The Catalonian study was designed to fill that gap. Researchers followed participants closely after vaccination, documenting any local or systemic reactions. More than half reported some adverse effect, but the vast majority were mild or moderate, temporary, and notably less common after the second dose. The most frequent complaints were pain at the injection site, headache, fatigue, and general malaise—the kind of reactions familiar from many other vaccines. The study found no increased risk of adverse events in people over 60 or in those with pre-existing medical conditions, a finding that contradicts earlier uncertainty about how these groups would tolerate the vaccine.

Certain populations did show higher rates of reactions. Women experienced more adverse effects than men, though these tended to be localized to the injection site. People who had previously been infected with dengue reported more systemic reactions, particularly fever. Those who received TAK-003 at the same time as other flavivirus vaccines, such as the yellow fever shot, also had elevated adverse event rates. But none of these findings suggested serious danger—only that some groups might expect more noticeable but still manageable symptoms.

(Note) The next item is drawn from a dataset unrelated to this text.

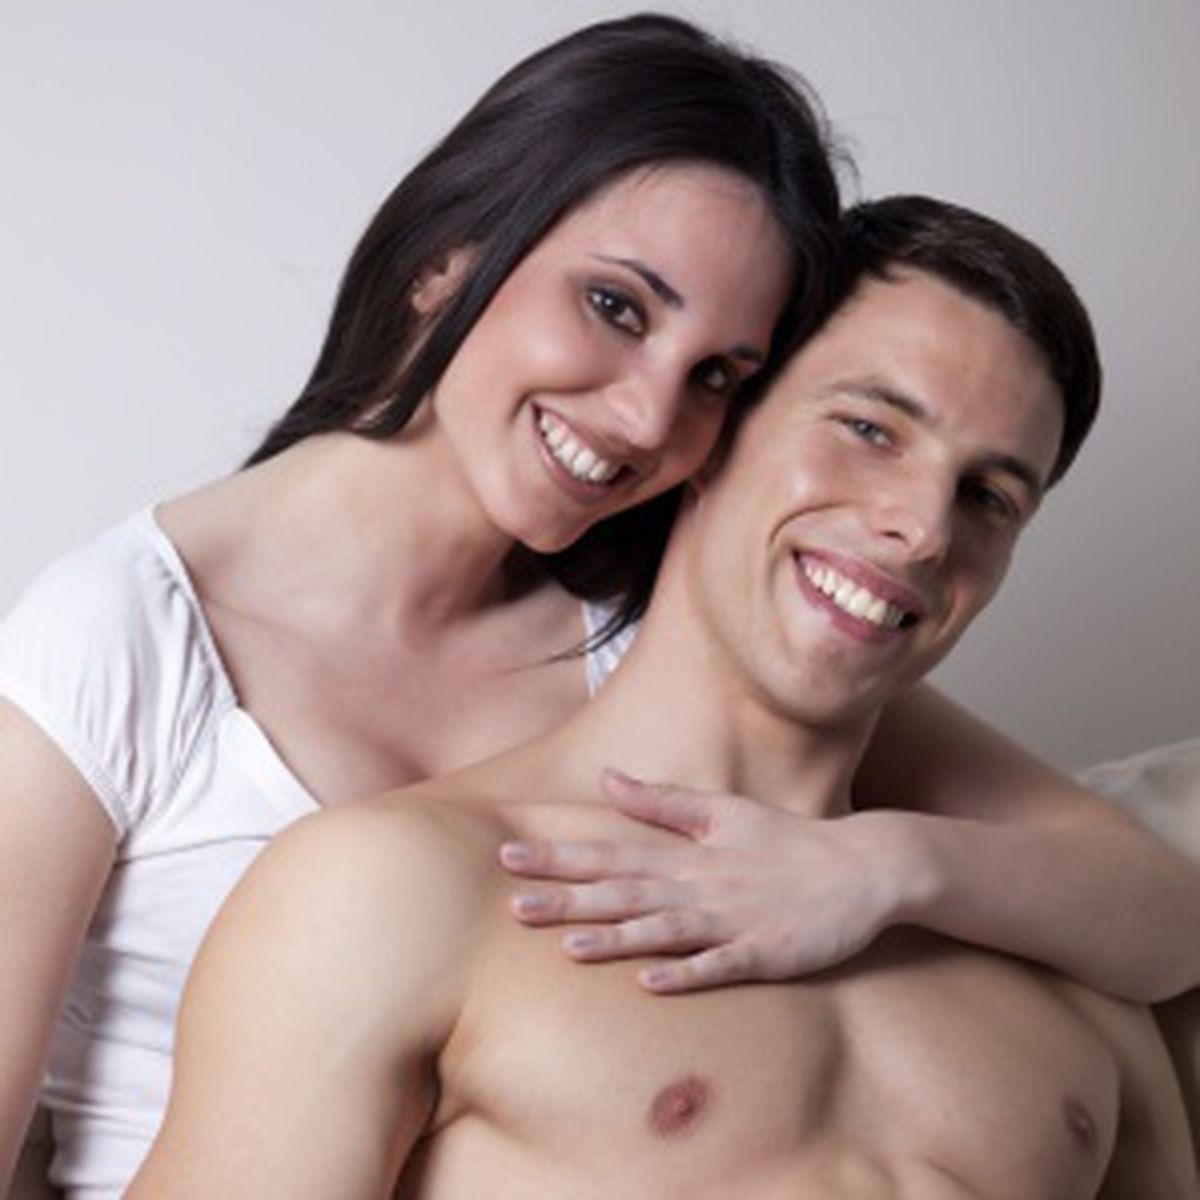 erecție și pasiune

The absence of serious adverse events across nearly 1,900 doses is the study's headline finding, but its secondary message may be equally important for travel medicine. The vaccine appears safe to administer alongside non-flaviviral vaccines in pre-travel consultations, meaning travelers can consolidate their immunizations in a single visit rather than spacing them out. This practical advantage could improve vaccination uptake among people preparing for trips to dengue-endemic regions. As dengue incidence continues to climb globally, and as climate change expands the geographic range of its mosquito vectors, the ability to offer travelers a well-tolerated protective vaccine becomes increasingly valuable. The Barcelona researchers note that their work expands the safety evidence base for TAK-003 in European populations and call for continued monitoring of its long-term effects and real-world effectiveness.

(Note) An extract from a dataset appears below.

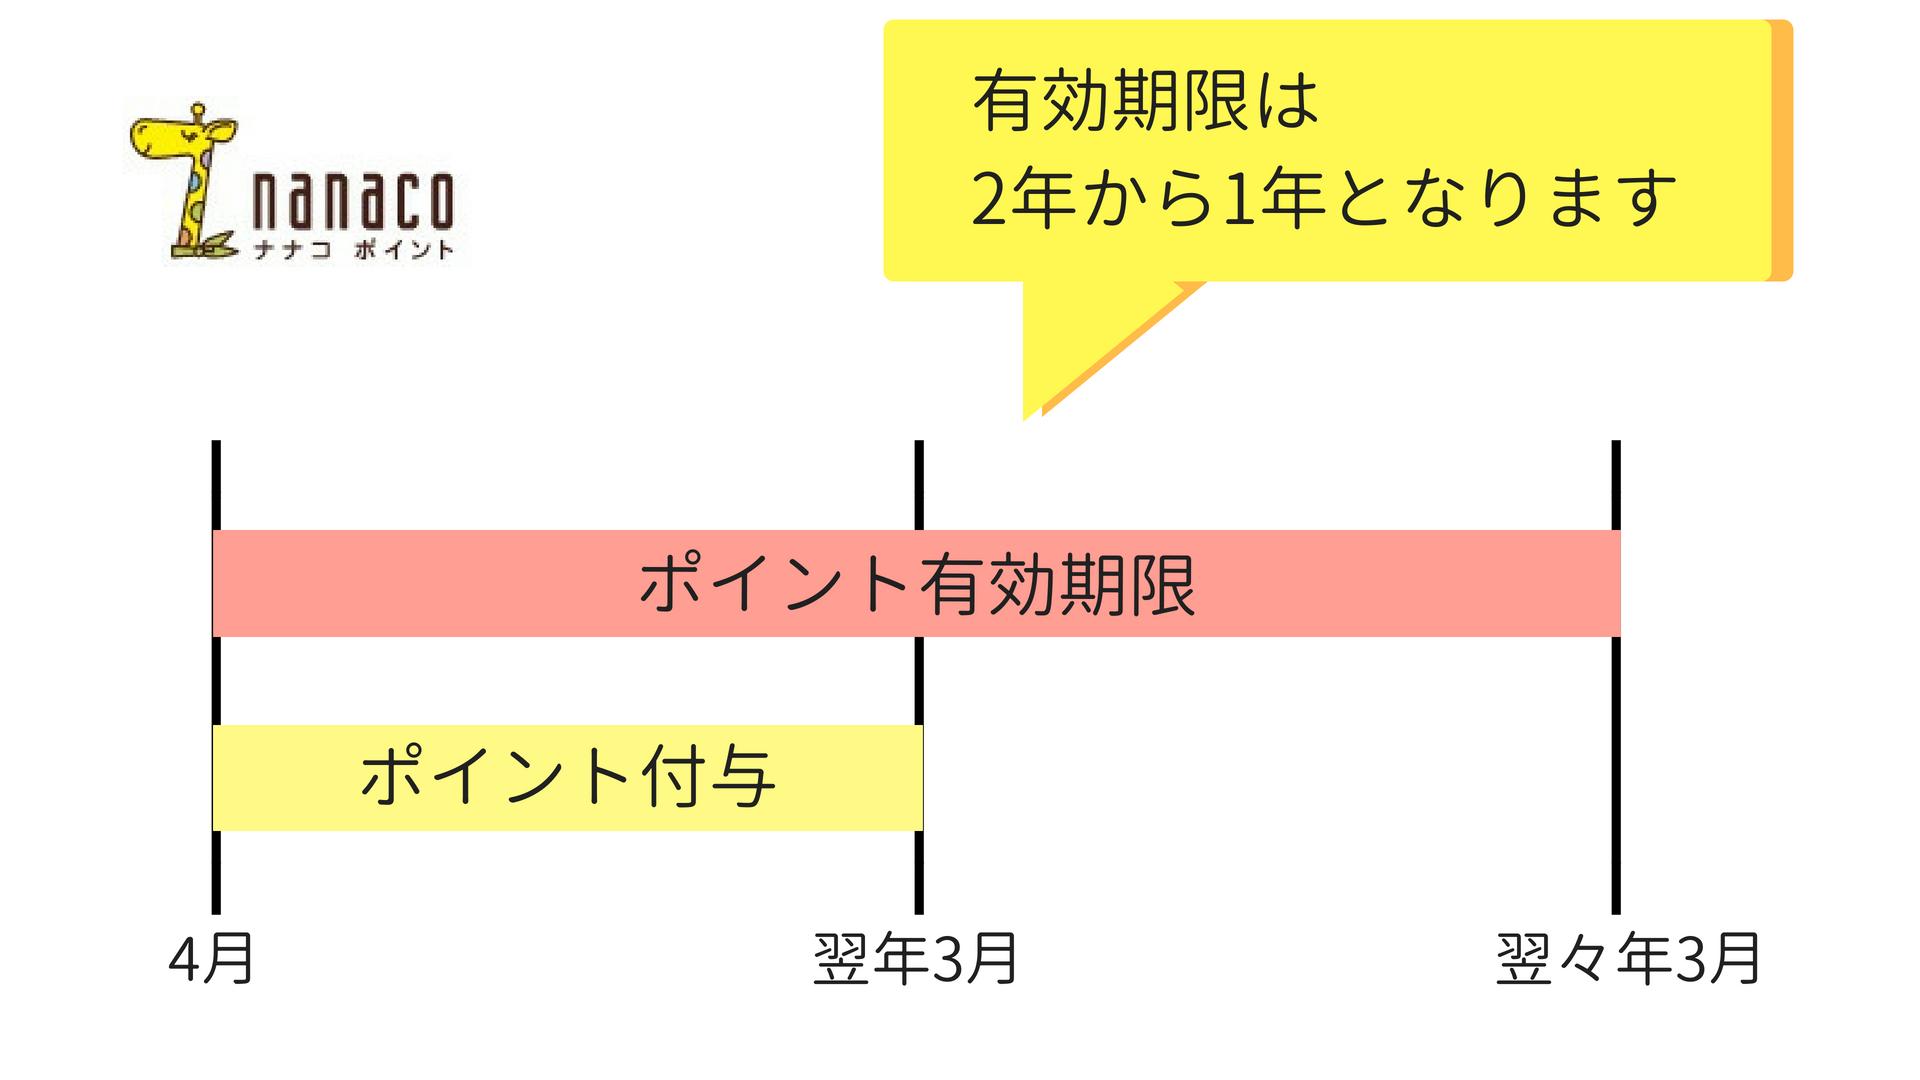 nanacoポイントの有効期限イメージ

Our findings expand the available evidence on the safety of TAK-003 in European travelers and highlight the need to continue assessing its impact, effectiveness and long-term safety.
— Jose Muñoz, ISGlobal researcher and head of the International Health Service at Hospital Clínic Barcelona
The Hearth Conversation Another angle on the story
Inventor

Why does dengue vaccine safety in travelers matter so much? Isn't dengue just another tropical disease?

Model

Dengue infects more than half the world's population in endemic zones, and it's become the leading cause of fever in travelers heading there. Without a safe vaccine, millions of people traveling for work or family have no protection. The disease is spreading faster because of climate change and global mobility.

Inventor

So TAK-003 is new. What was the gap in the evidence before this study?

Model

The vaccine had been tested in endemic populations, but we had very little data on how it performed in people from non-endemic regions—especially older adults, people with chronic illnesses, and those getting multiple vaccines at once. Those groups are exactly who travel and need protection.

Inventor

And what did the study actually show?

Model

Across nearly 1,900 doses in over a thousand travelers, there were zero serious adverse events. Most people had mild symptoms like arm pain or headache, and those reactions got less common after the second dose. The vaccine proved safe even in people over 60 and those with pre-existing conditions.

Inventor

Were there any surprises—groups that did react more?

Model

Women reported more adverse effects, though mostly localized. People with prior dengue infection had more systemic reactions like fever. And those getting the yellow fever vaccine at the same time had higher rates. But again, nothing serious—just more noticeable symptoms in certain groups.

Inventor

What does this mean for someone planning a trip to a dengue zone?

Model

It means they can get vaccinated with confidence. And practically, they can get TAK-003 alongside other travel vaccines in one visit, which makes it more likely people will actually get protected before they leave.